Discuss programming topics for the various GPL'd game engine sources.
mh
Posts: 2292
Joined: Sat Jan 12, 2008 1:38 am

Fast Dynamic Lighting

Post by mh »

A compilation of sorts of various tricks and techniques I've built up over time. Using these will result in an engine that's capable of blasting through scenes with heavy dynamic lighting as if the lighting was almost not even happening.

Don't use GL_RGB

I commonly see GL_RGB used as a lightmap format in engine sources, and can only assume that people somehow think it "saves memory". It not only doesn't, but it slows things down too. Read this first.
And if you are interested, most GPUs like chunks of 4 bytes. In other words, RGBA or BGRA is prefered. RGB and BGR is considered bizarre since most GPUs, most CPUs and any other kind of chip don't handle 24 bits. This means, the driver converts your RGB or BGR to what the GPU prefers, which typically is BGRA.
On NVIDIA, using GL_BGRA can upload textures up to 6 times faster than GL_RGB. On Intel it's something similar but subtly (or not so subtly - see below too) different.
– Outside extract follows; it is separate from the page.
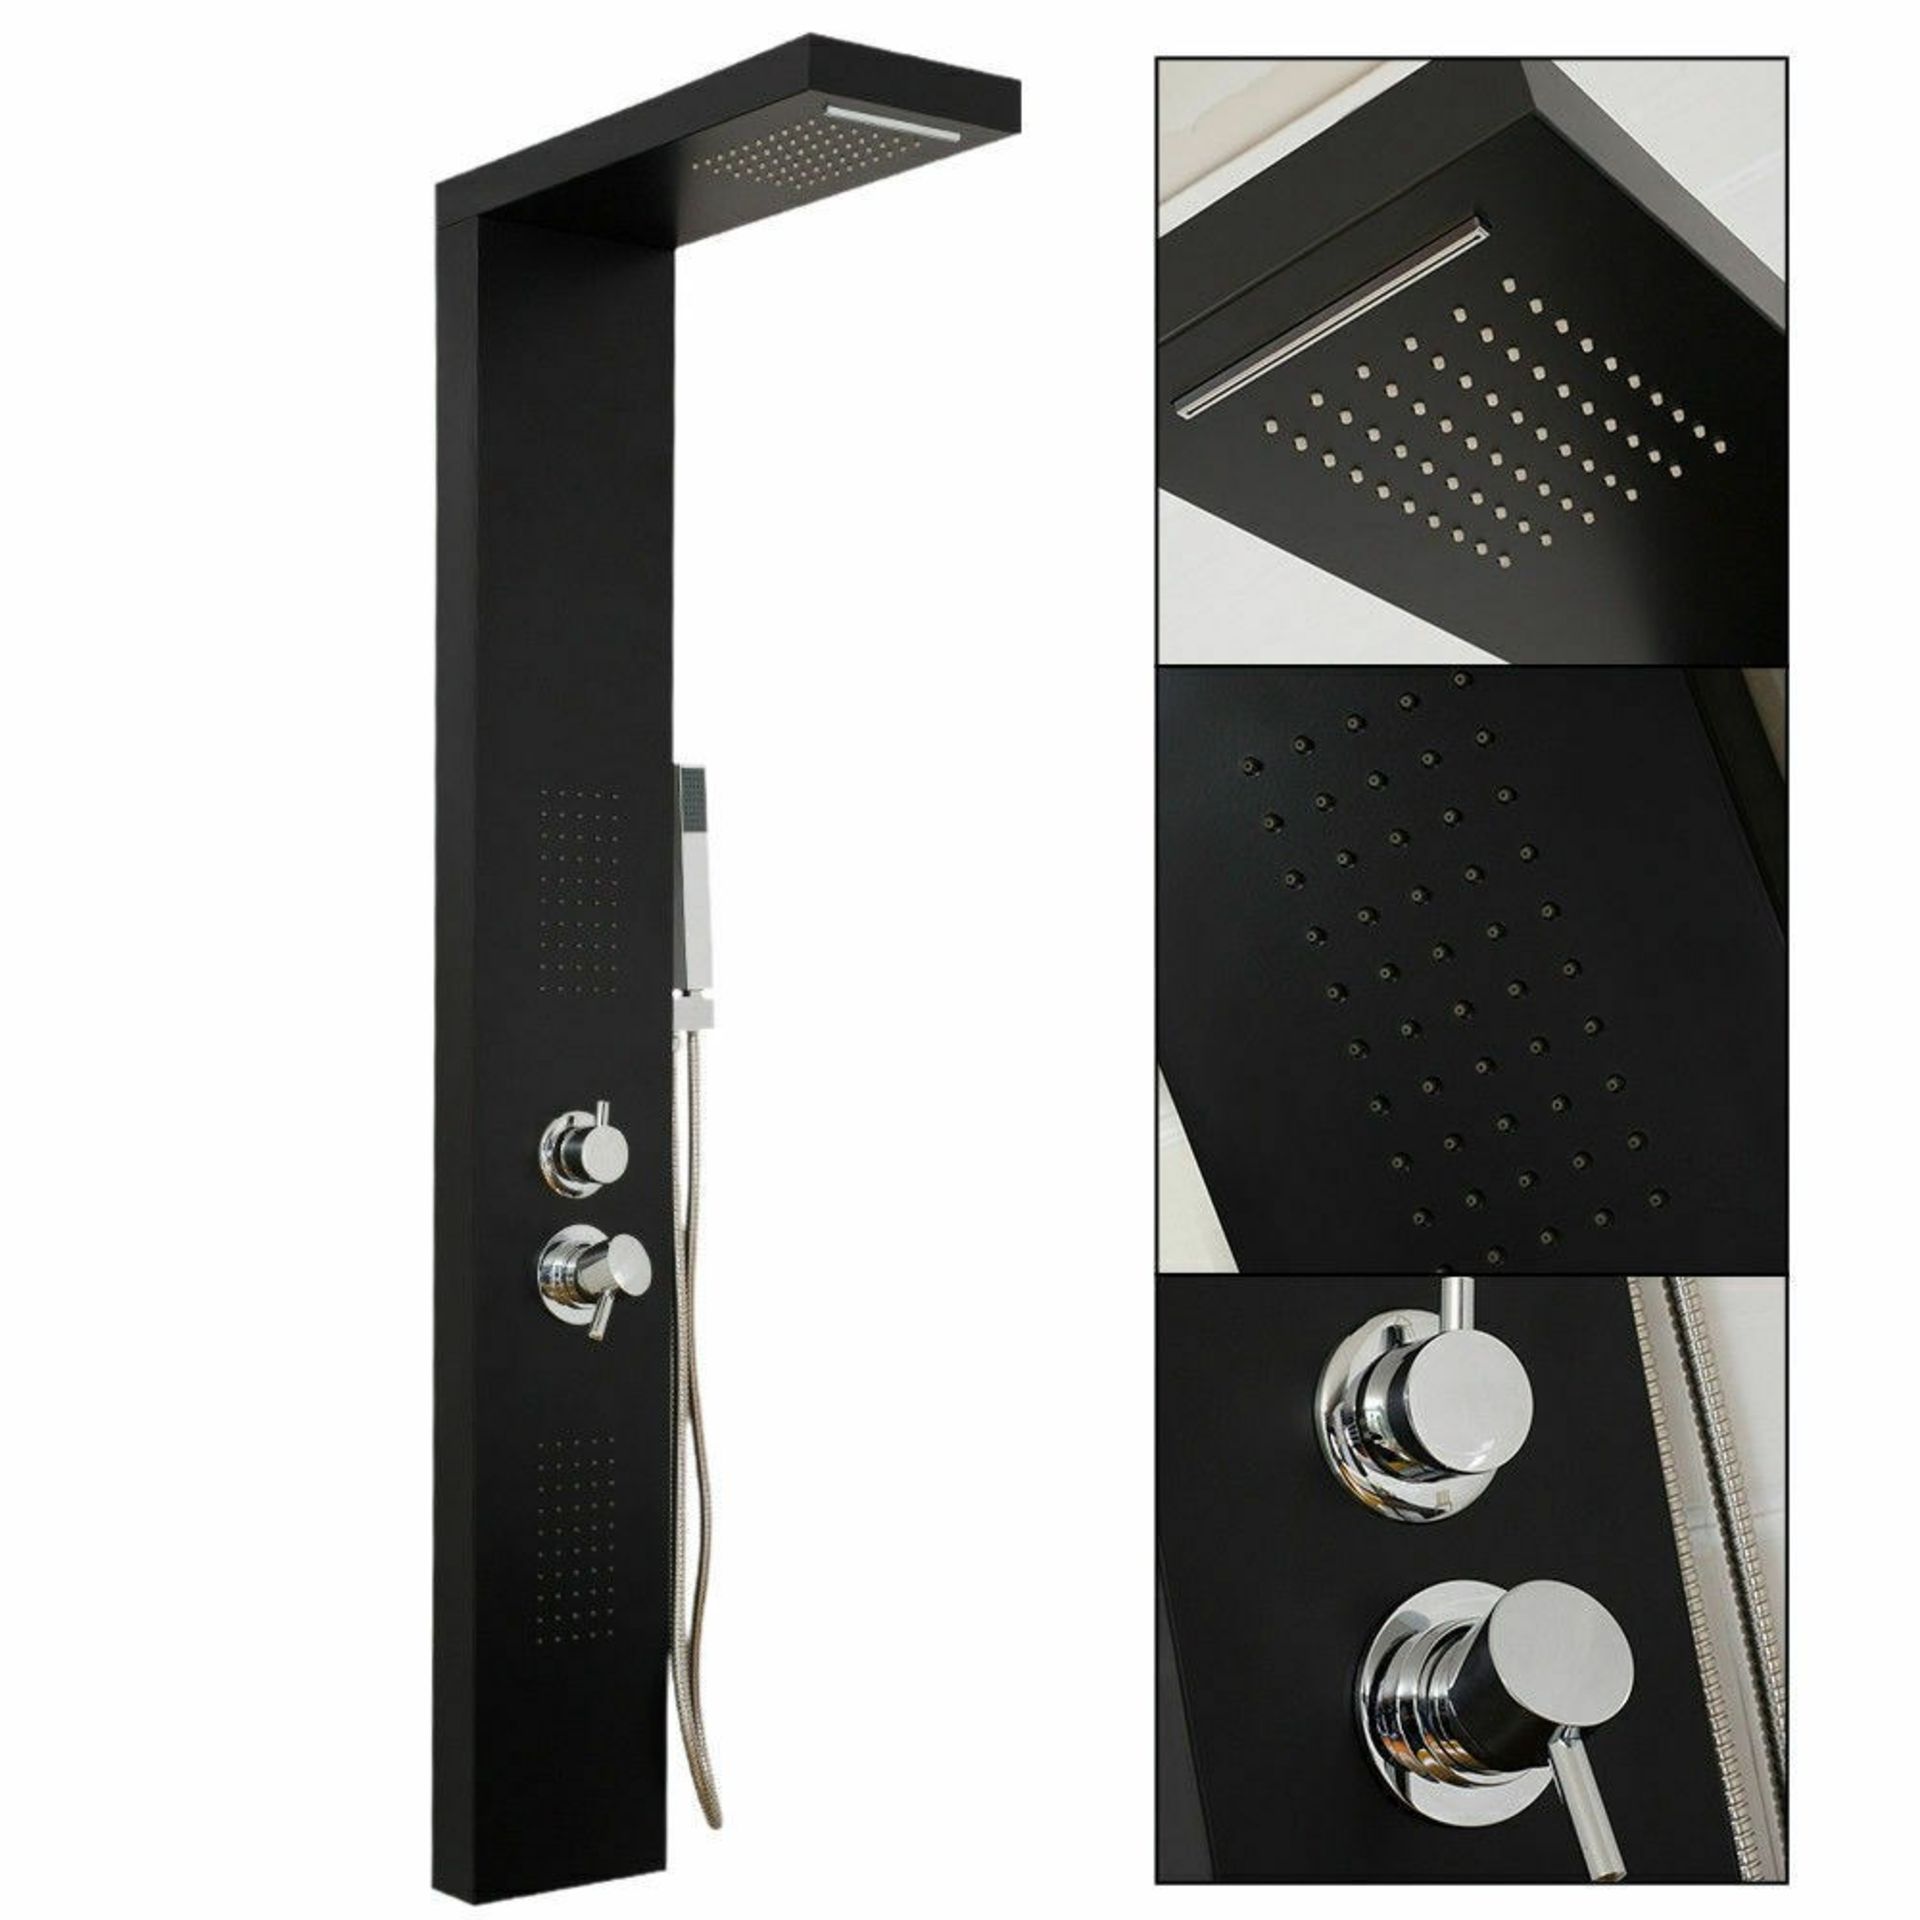 (DE5) Black Square Modern Bathroom Shower Column Tower Panel System With Hand Held & Massage Je... - Image 5 of 5

ATI, oddly enough, doesn't seem to care much, but nonetheless it makes sense to use the format that performs best on as much hardware as possible.

Don't use GL_UNSIGNED_BYTE

This one really only affects Intel, but it's no harm to use it for everything. With any type other than GL_UNSIGNED_INT_8_8_8_8_REV Intel seems to pull the texture data back to system memory for modification, whereas using GL_UNSIGNED_INT_8_8_8_8_REV allows glTexSubImage2D to send it directly. A combination of GL_BGRA and GL_UNSIGNED_INT_8_8_8_8_REV will run about 40 times faster on Intel than GL_RGB/GL_UNSIGNED_BYTE.

Both of these are only available if your GL_VERSION is 1.2 or higher, but I think that's a reasonable requirement to have these days. Of course you'll need to define them in your glquake.h file, so here they are:

Code: Select all

#define GL_BGRA 0x80E1
#define GL_UNSIGNED_INT_8_8_8_8_REV 0x8367
Get your glTexSubImage calls in the right place

If you just do the above changes you'll probably notice that nothing at all has changed in terms of performance; especially if your renderer is set up like GLQuake's. This is because of the dreaded R_DrawSequentialPoly function, which is one of the most evil things in GLQuake.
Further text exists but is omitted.